Tom Spurgeon's Web site of comics news, reviews, interviews and commentary















Home > CR Reviews

Funny, Misshapen Body
posted April 8, 2009
 

image

Creator: Jeffrey Brown
Publishing Information: Touchstone/Simon and Schuster, softcover, 320 pages, 2009, $16
Ordering Numbers: 9781416549475 (ISBN13), 1416549471 (ISBN10)

I think so highly of Jeffrey Brown's comics that I'm probably over-harsh in my appraisal of individual works. Last year's Little Things slipped out during the late spring to almost no significant fanfare in traditional comics circles. I don't know what I thought of it at the time, but now I'm pretty certain I consider it Brown's best work. There was a confidence in the way that Brown skirted details and slipped between time periods and major life events that I think added to his always considerable moment to moment work. The line work was also as attractive as I can remember Brown's work ever being.

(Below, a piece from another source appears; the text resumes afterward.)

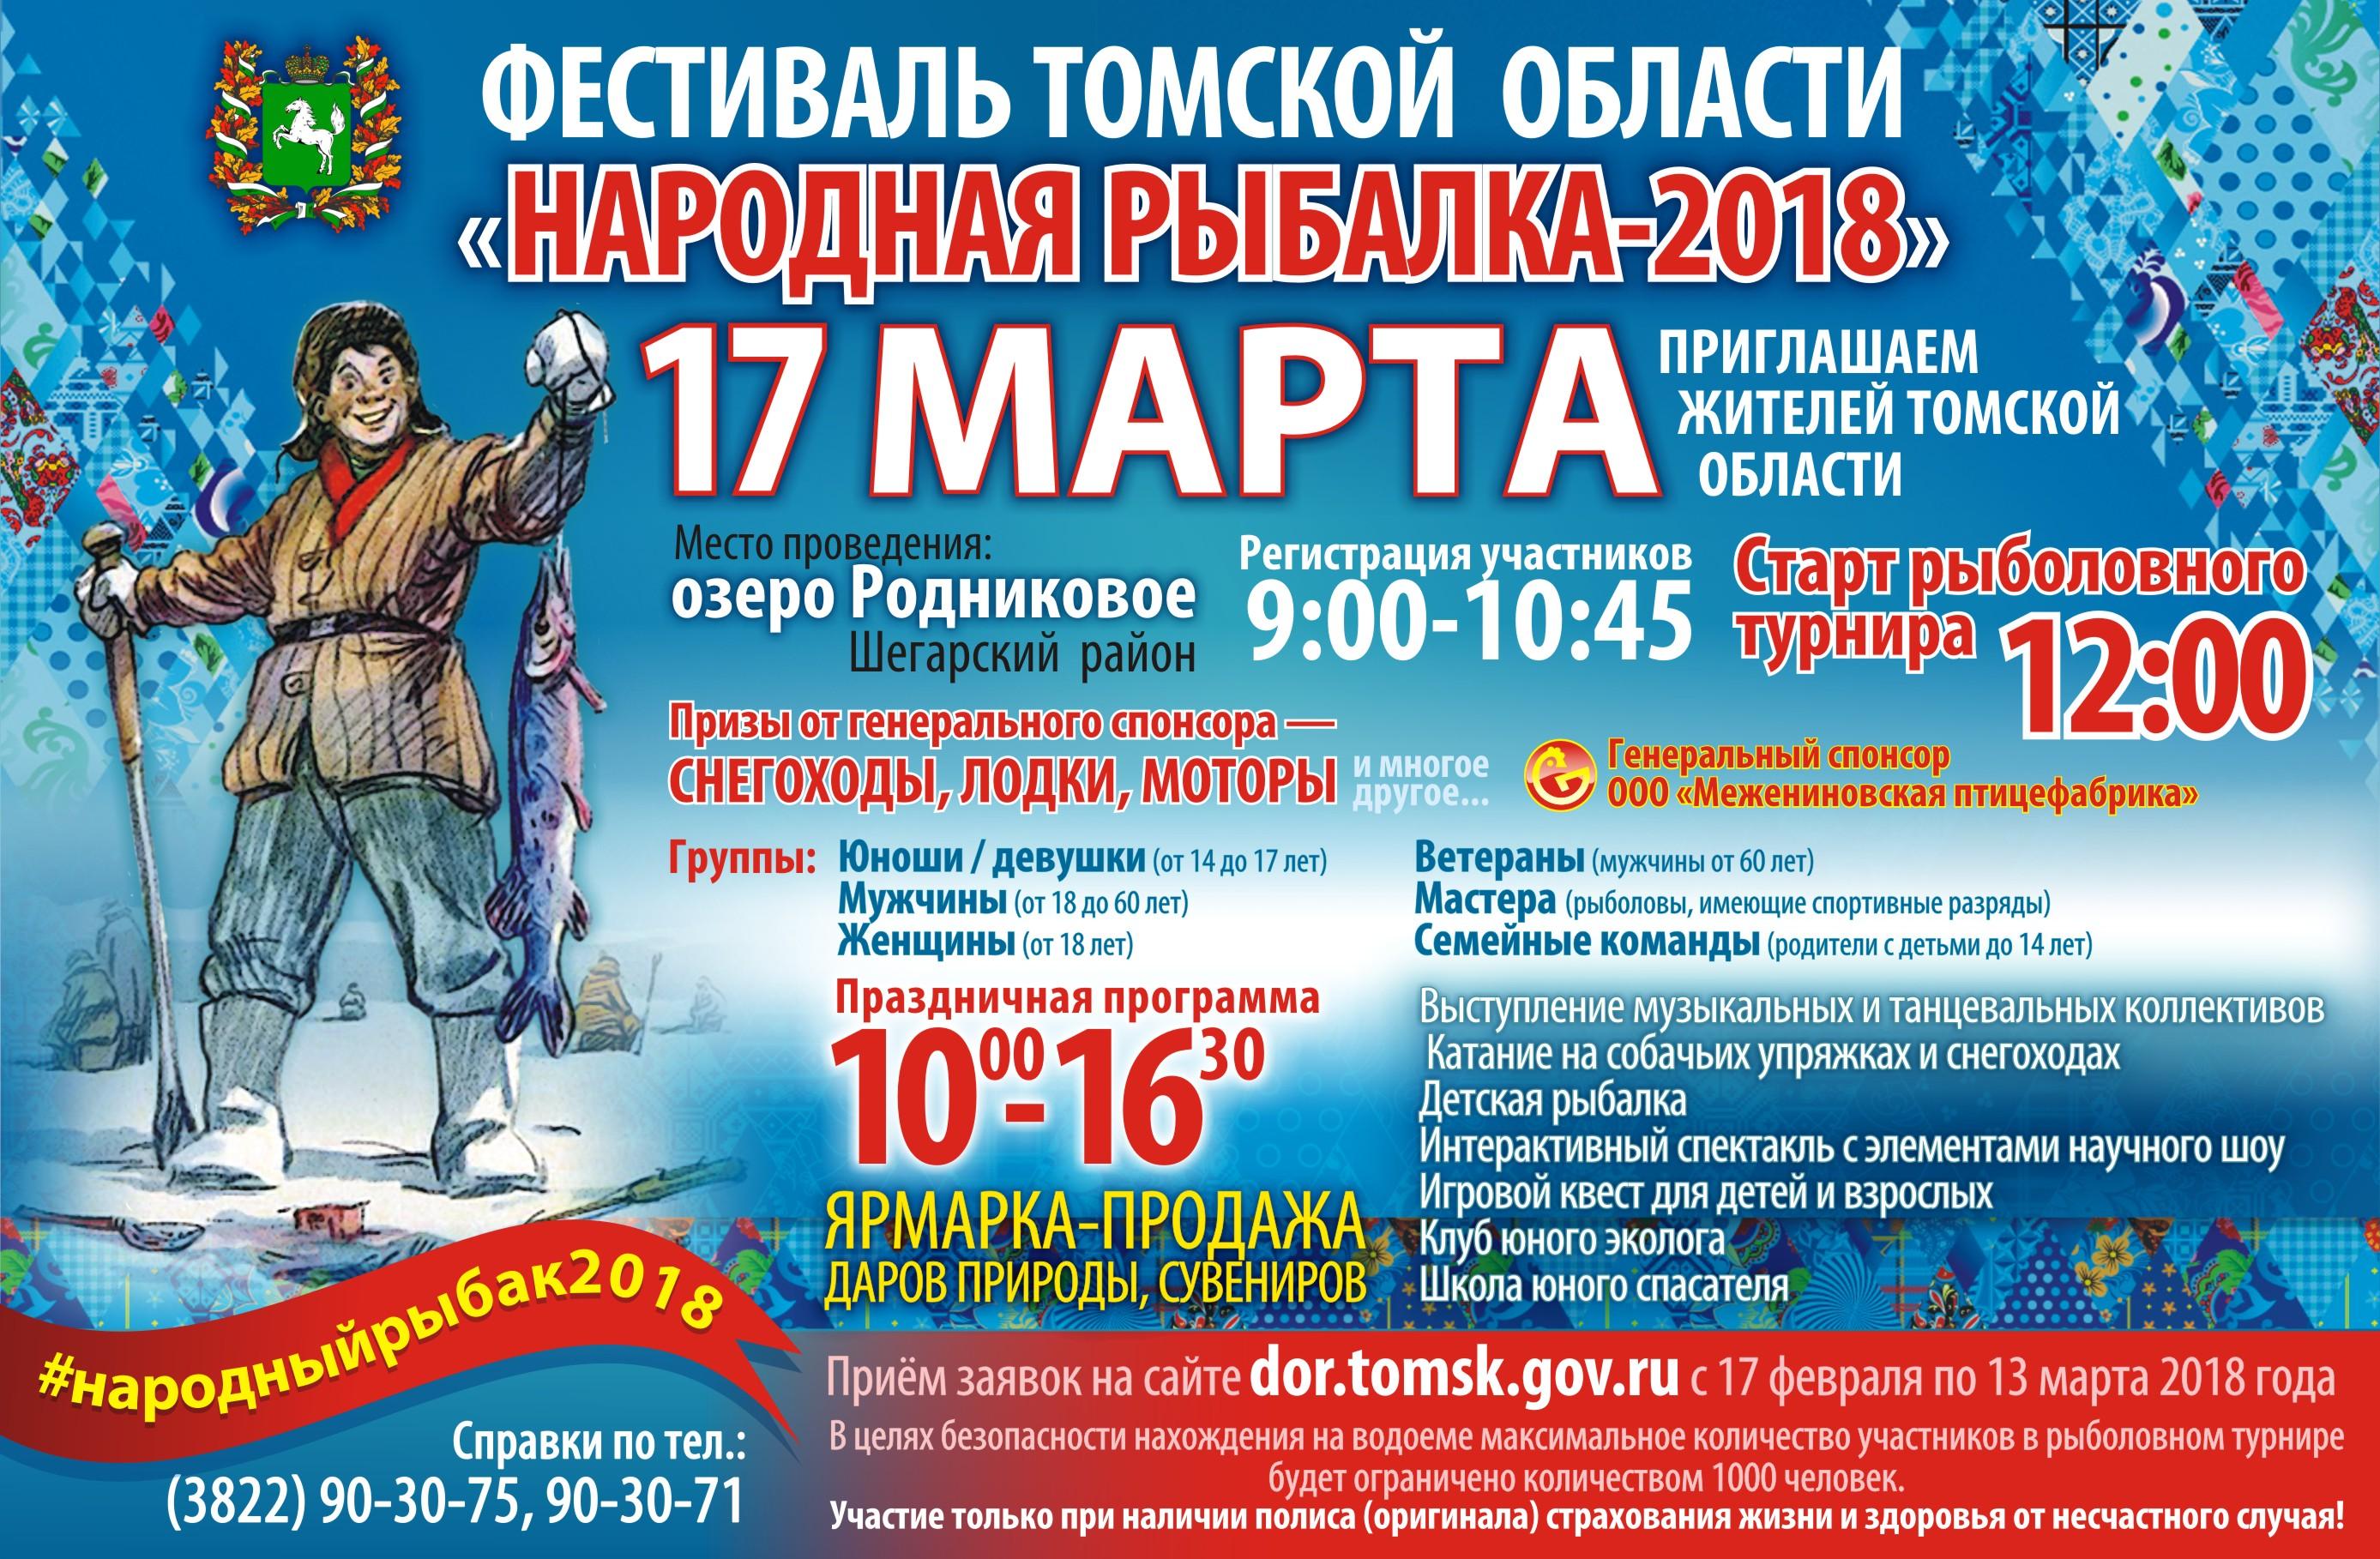 Фестиваль Томской области «Народная рыбалка — 2018»

A second Touchstone book Funny Misshapen Body works mostly along the same lines as Little Things, transforming that work's more satisfying and surprising ending tableau into an effect that slips in and out of the entire narrative. Its main selling point will likely be Brown's description of becoming diagnosed with Crohn's Disease, with a secondary emphasis on the cartoonist's artistic development. I think it may work better as the latter, and should actually draw some comparison to Yoshihiro Tatsumi's A Drifting Life. There are several wonderful scenes where Brown, like Tatsumi, fairly loses himself over to work, but rather than build upon those moments Brown is rabbit-quick to undercut them, to move onto something else.

In Little Things, the event that finally brings closure is the formation of Brown's family. Here it's a bunch of books, his first major comics work. It's not surprising that it doesn't tug at the heartstrings in the same way, but you're also left with a greater sense of the start and stop journey. In Brown's personal history there are no false starts, just starts that fail to bring endings. It's not a bad way to look at the world.